Fig. 1. Schematic of the supra-THz radiometer.

Despite their excellent potential as supra-THz LO sources, QCL devices exhibit a poor free-space power distribution, i.e. poor antenna pattern quality. This undesirable feature is particularly apparent when high-performance “double-metal” plasmonic cavities are used to confine radiation within the optical-gain medium [Reference Adam, Kasalynas, Hovenier, Klassen, Gao, Orlova, Williams, Kumar, Hu and Reno1] and limits QCL effectiveness in wider applications where free-space signal transmission is required. Integration with a mechanically fabricated waveguide and feedhorn antenna structure offers the possibility of enhancing the QCL output signal by constraining it to a propagation mode that results in improved beam quality, and simultaneously allows coupling to a mixer diode mounted within the same waveguide.
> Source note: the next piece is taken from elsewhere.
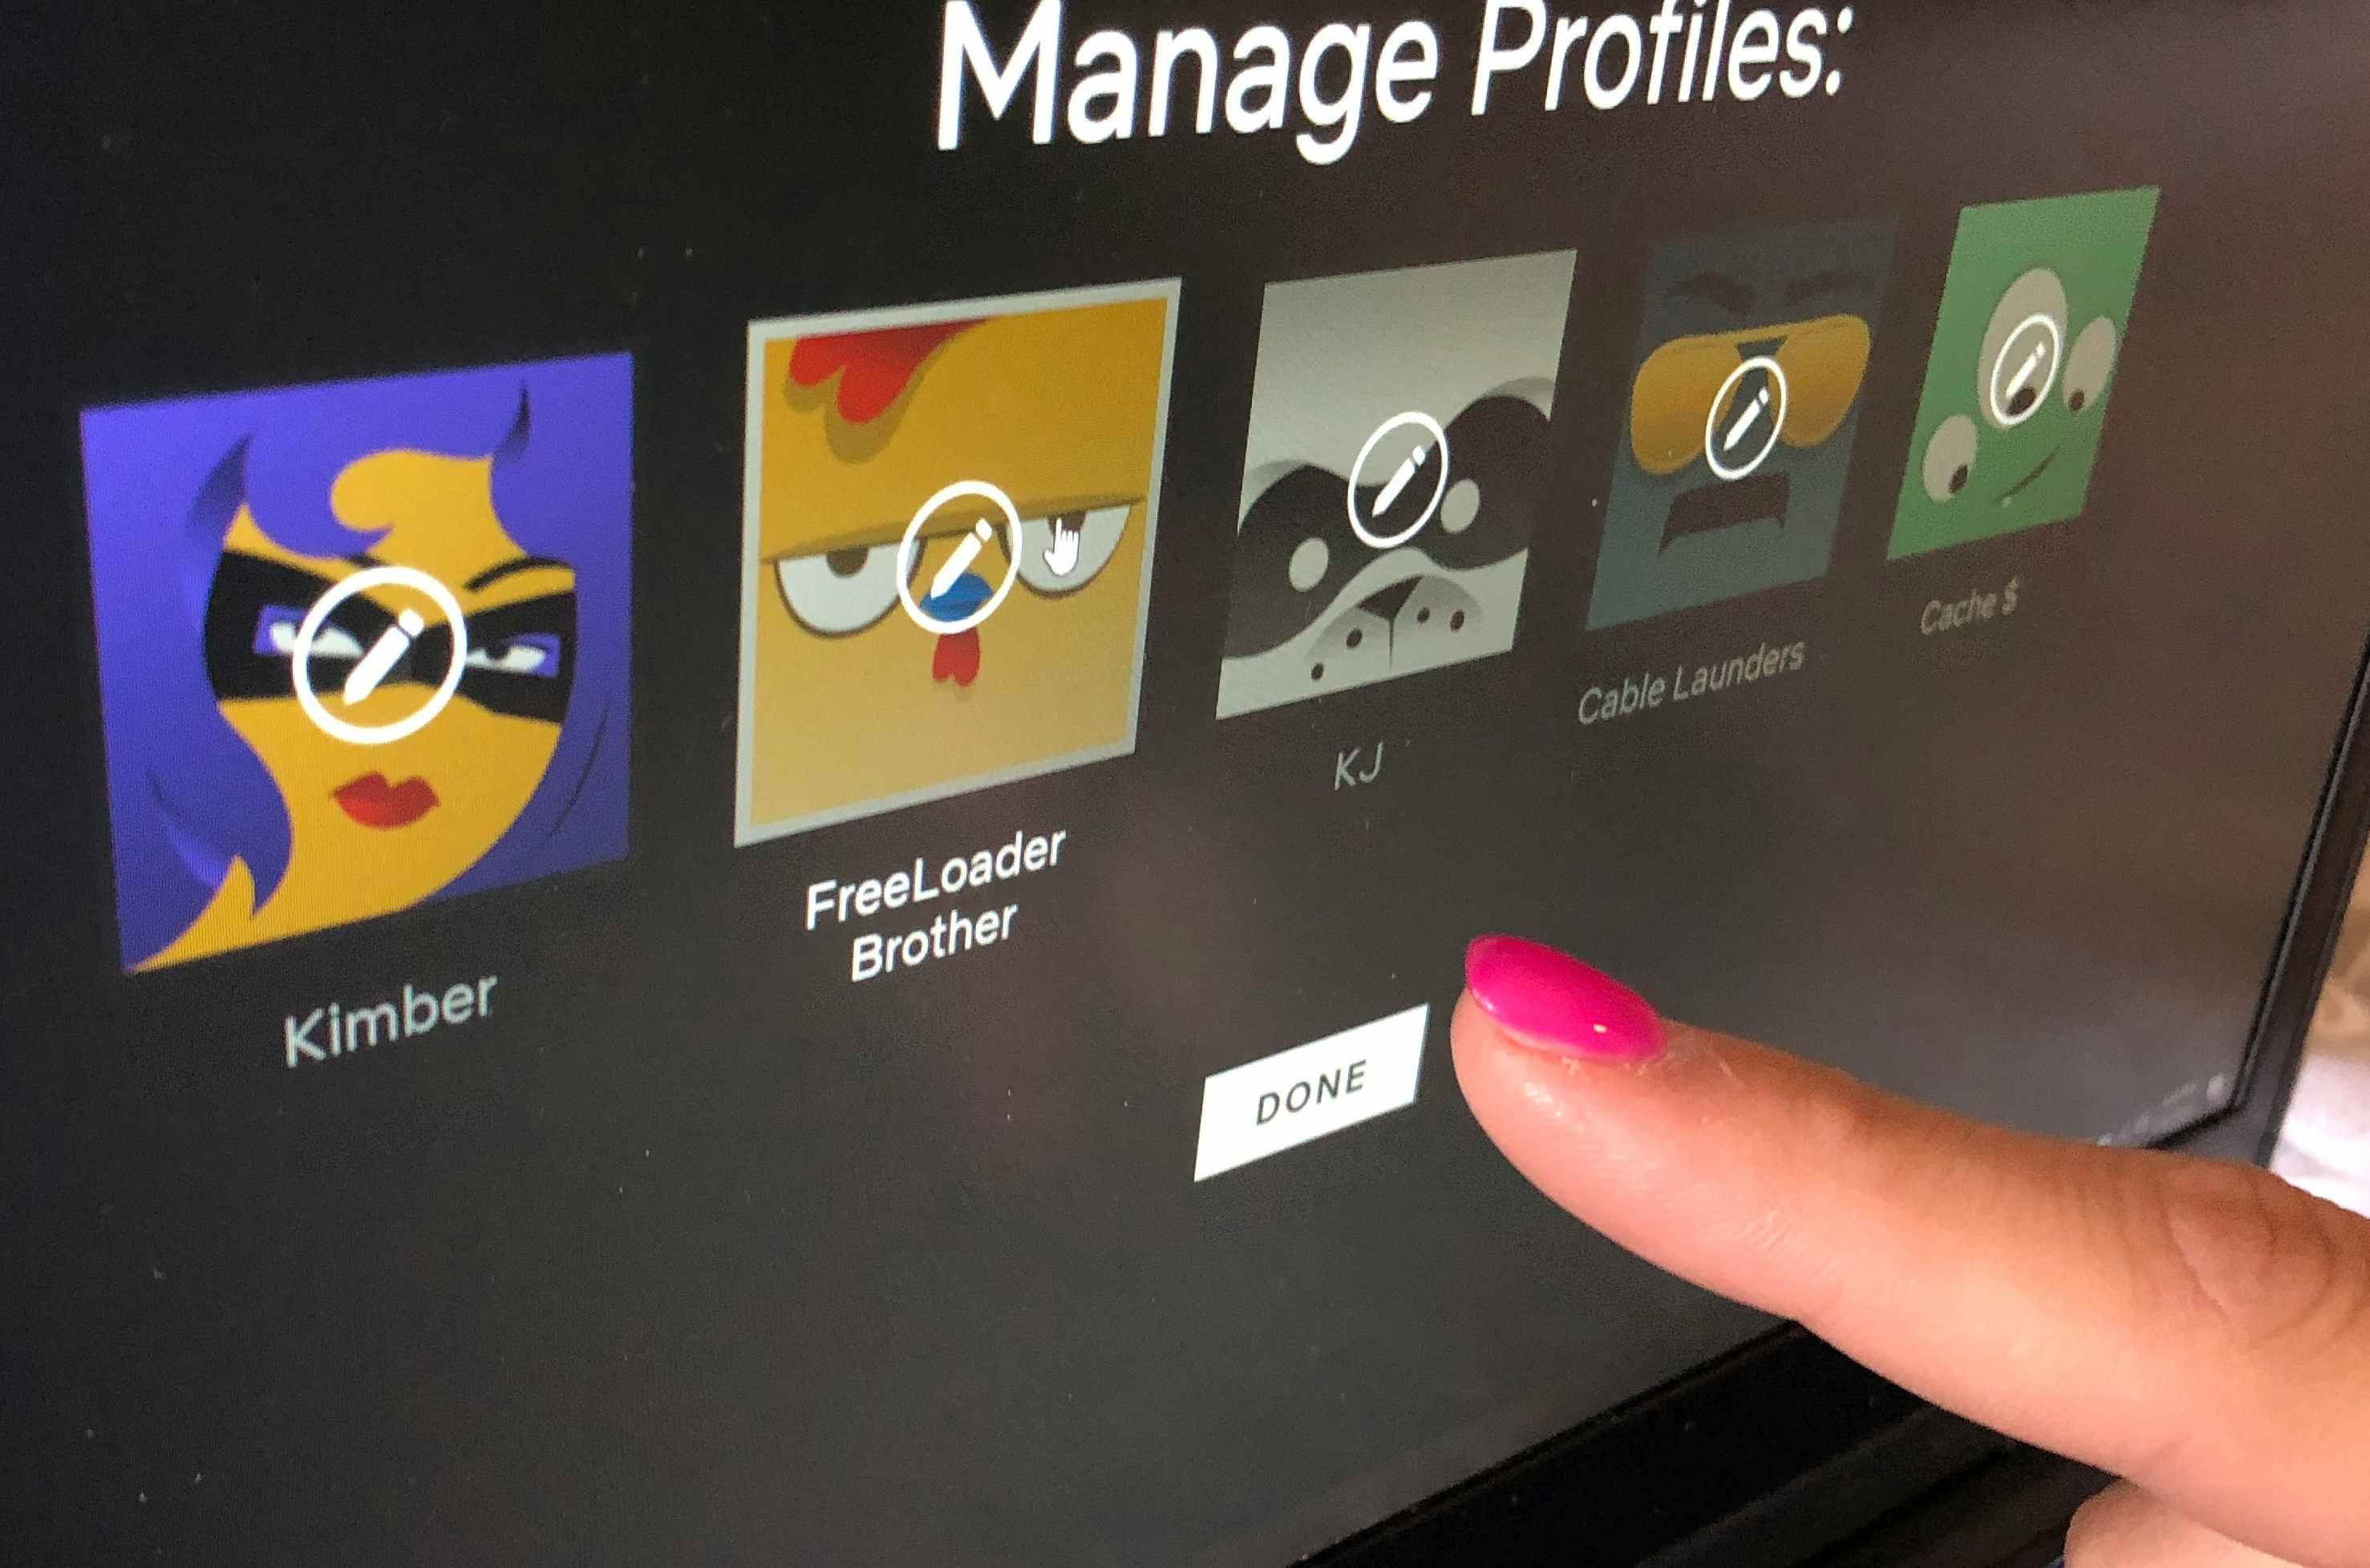 A person's finger pointing to a profile displayed on Netflix that is titled "Free Loader Brother
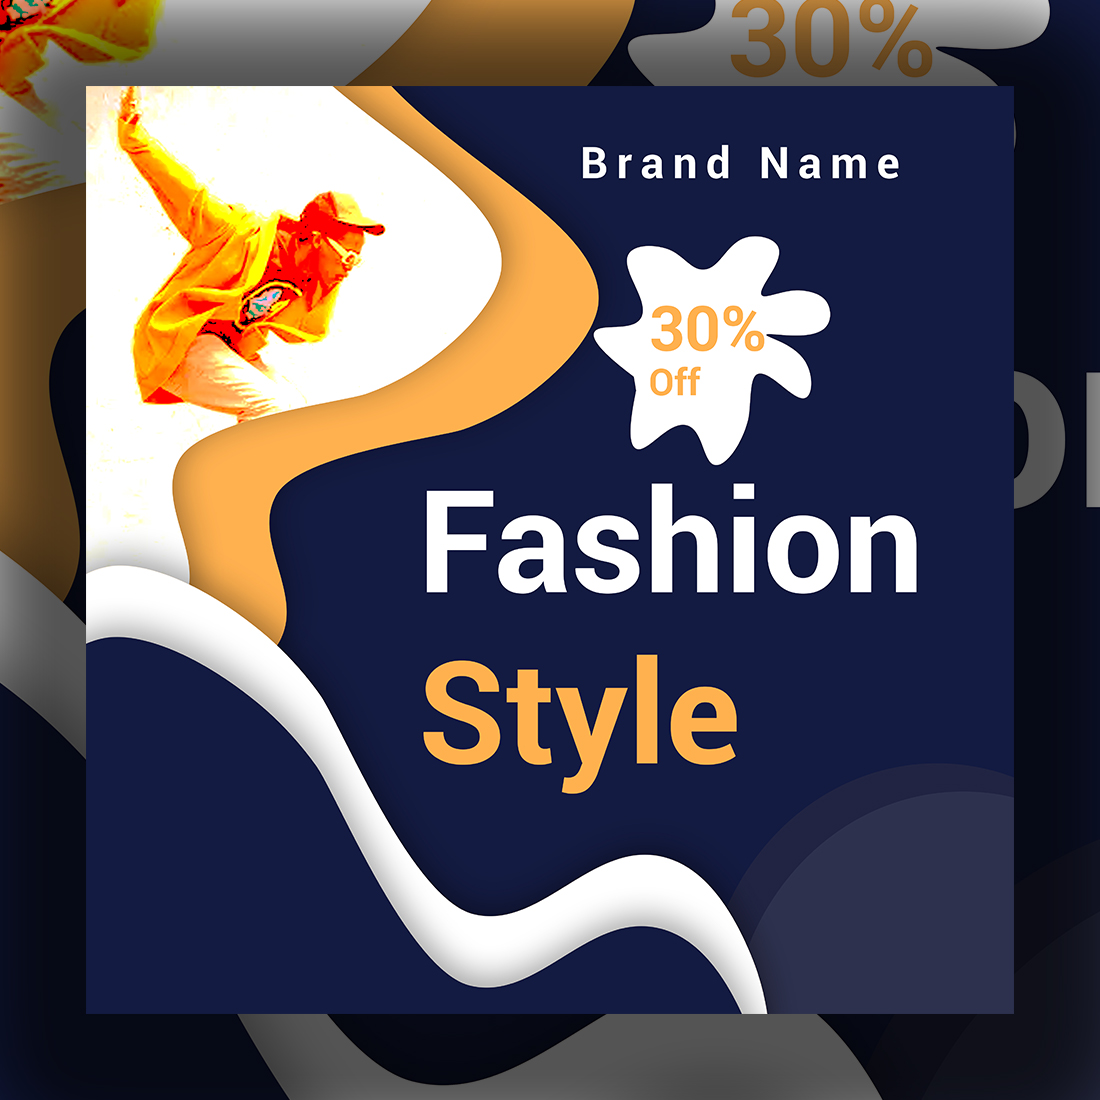 Fashio style poster design ( Best for fashion promotion ) cover image.

This provides an attractive solution to the provision of a space-borne supra-THz LO and radiometer as it serves the purpose of delivering well-controlled signal guidance via a small and robust mechanical assembly, along with the provision of an efficient electromagnetic interface with free-space.

At a frequency of 3.5 THz, however, the dimensions of both waveguide and feedhorn challenge mechanical fabrication techniques. Thus, and in support of our radiometer concept, the viability of a diagonal feedhorn and waveguide combination as a supra-THz antenna and propagation medium requires demonstration, as does signal coupling to the instrument's primary antenna. To achieve the first objective, we have integrated a QCL within a mechanically micro-machined waveguide cavity that incorporates a diagonal feedhorn at each end. This new device extends a previously reported result [Reference Valavanis, Han, Brewster, Dean, Dong, Bushnell, Oldfield, Zhu, Li, Davies, Ellison and Linfield2] in which a QCL was integrated with a larger over-sized waveguide terminating in a rectangular aperture. In addition to using reduced waveguide dimensions that approach fundamental-mode operation, our novel dual feedhorn allows signal emission from each facet of the QCL to be propagated into free space. The integrated QCL device is subsequently used to validate a breadboard antenna system that is representative of a future satellite payload. This is achieved by illuminating the optical train and measuring the intensity distribution across the primary antenna surface.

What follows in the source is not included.